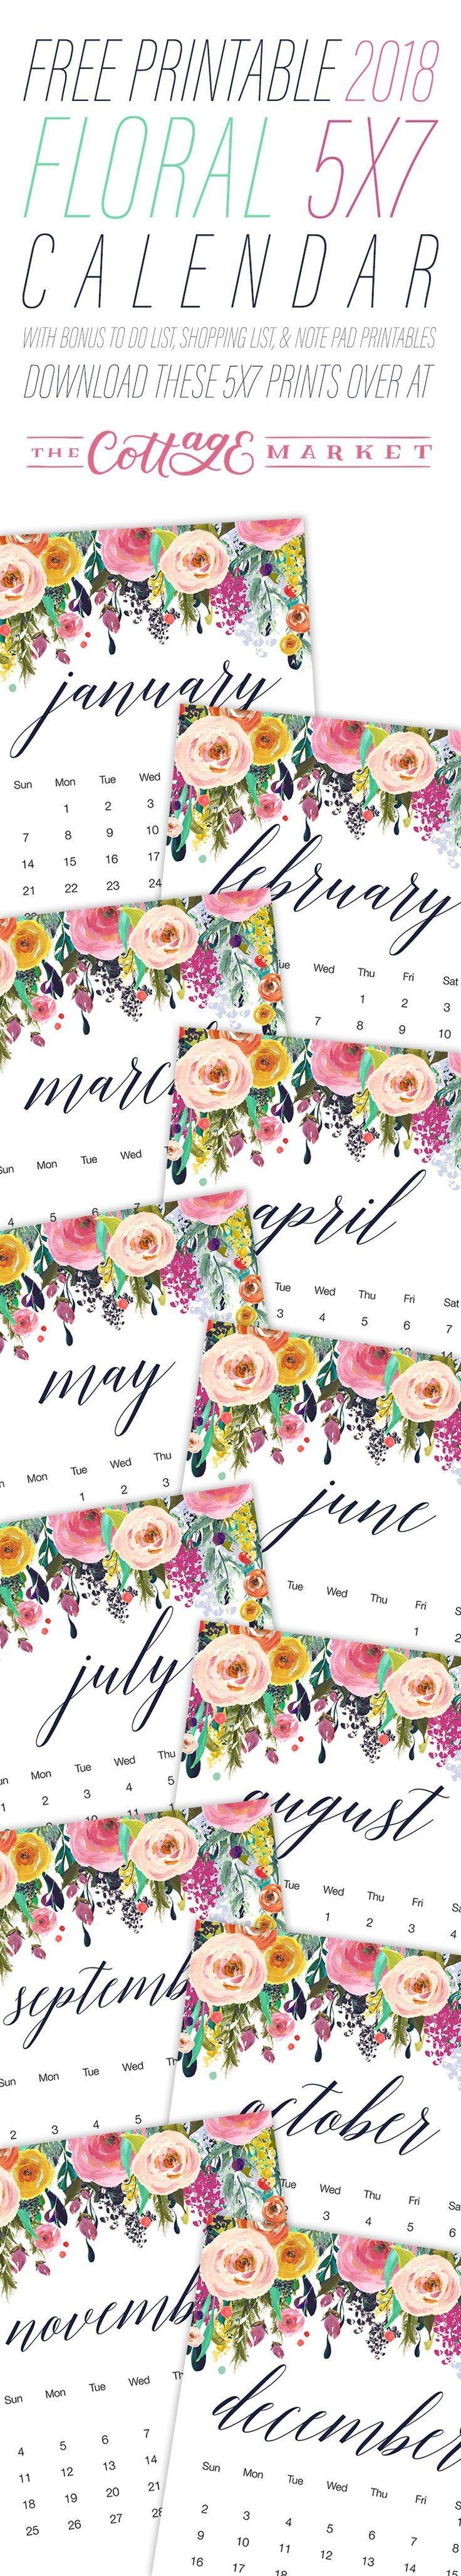 Calendario De Mayo 2017 Para Imprimir Más Actual 30 Best Calendario Images On Pinterest
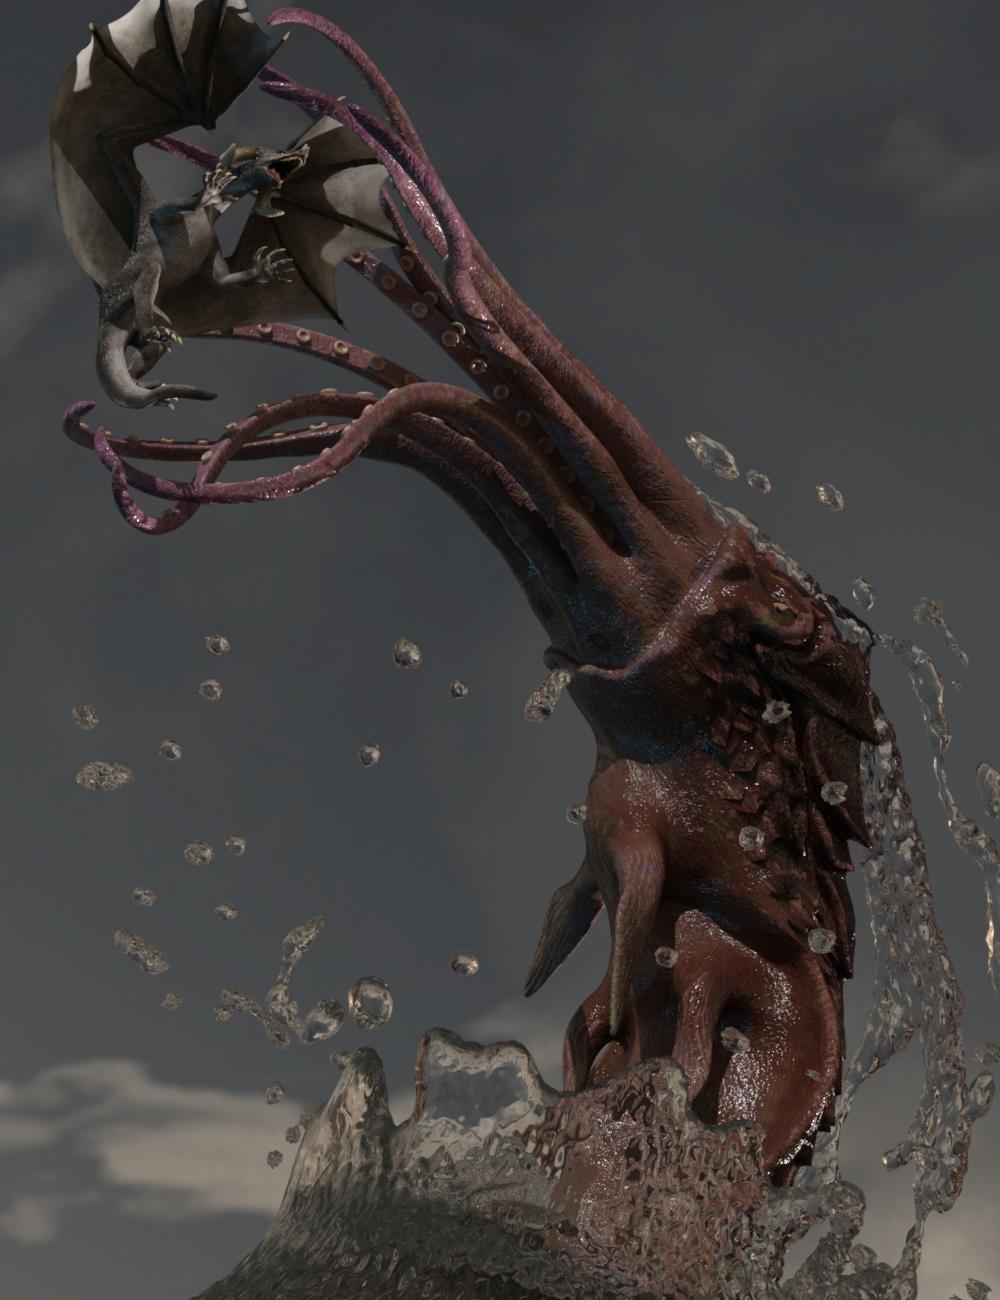 The Great Kraken by: Valandar, 3D Models by Daz 3D
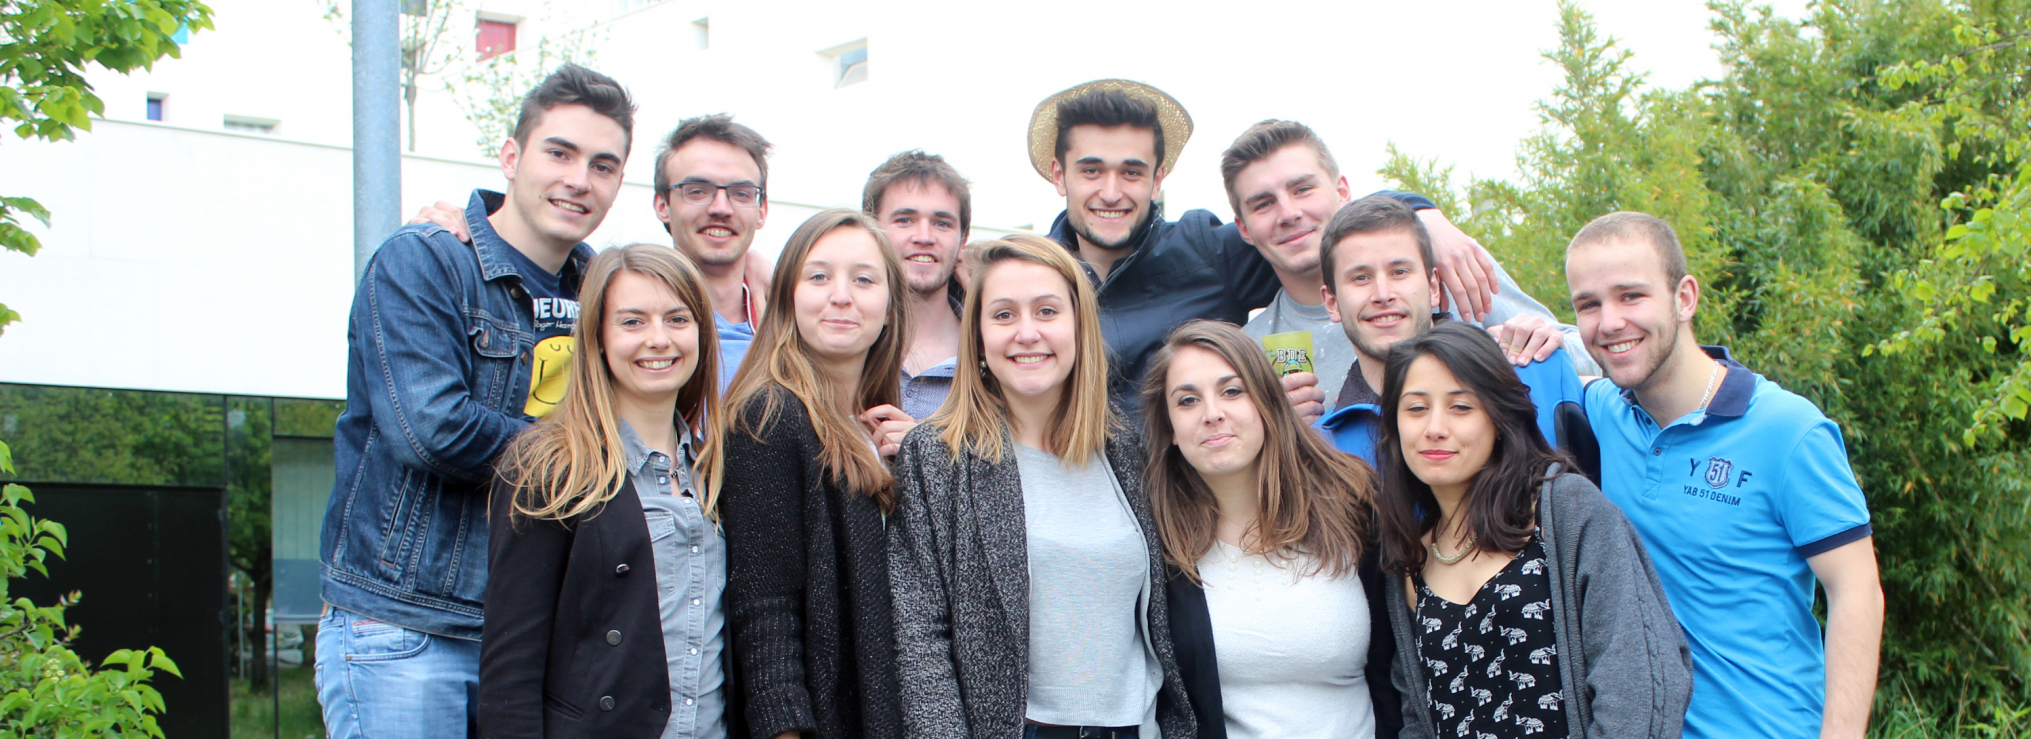 ENSCBP's Students Bureau
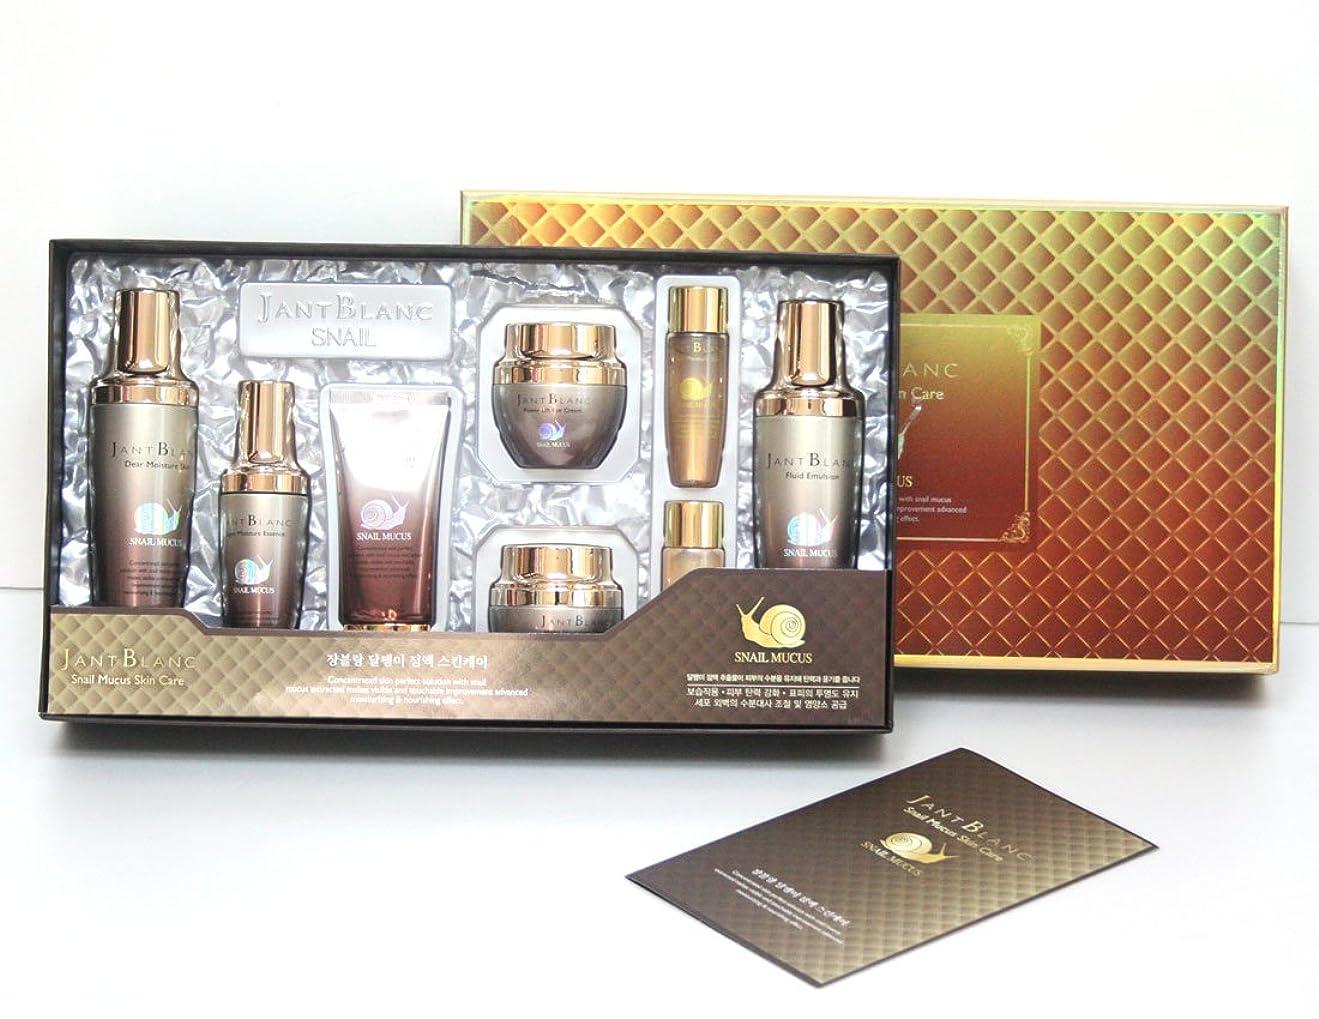 ゆるくスケート発揮する【JANT BLANC] カタツムリ粘液スキンケア6項目セット/水分/ Snail Mucus Skin Care 6 Item Set / 韓国化粧品 / Korean Cosmetics [並行輸入品]

PROBLEM TO WORK ON:
Exactly those lines that run from the line holding "ENSCBP's Students Bureau" to the end of the listing above, both included, are to be reproduced, with pictures left out.

EXPECTED ANSWER:
 ENSCBP's Students Bureau
 ゆるくスケート発揮する【JANT BLANC] カタツムリ粘液スキンケア6項目セット/水分/ Snail Mucus Skin Care 6 Item Set / 韓国化粧品 / Korean Cosmetics [並行輸入品]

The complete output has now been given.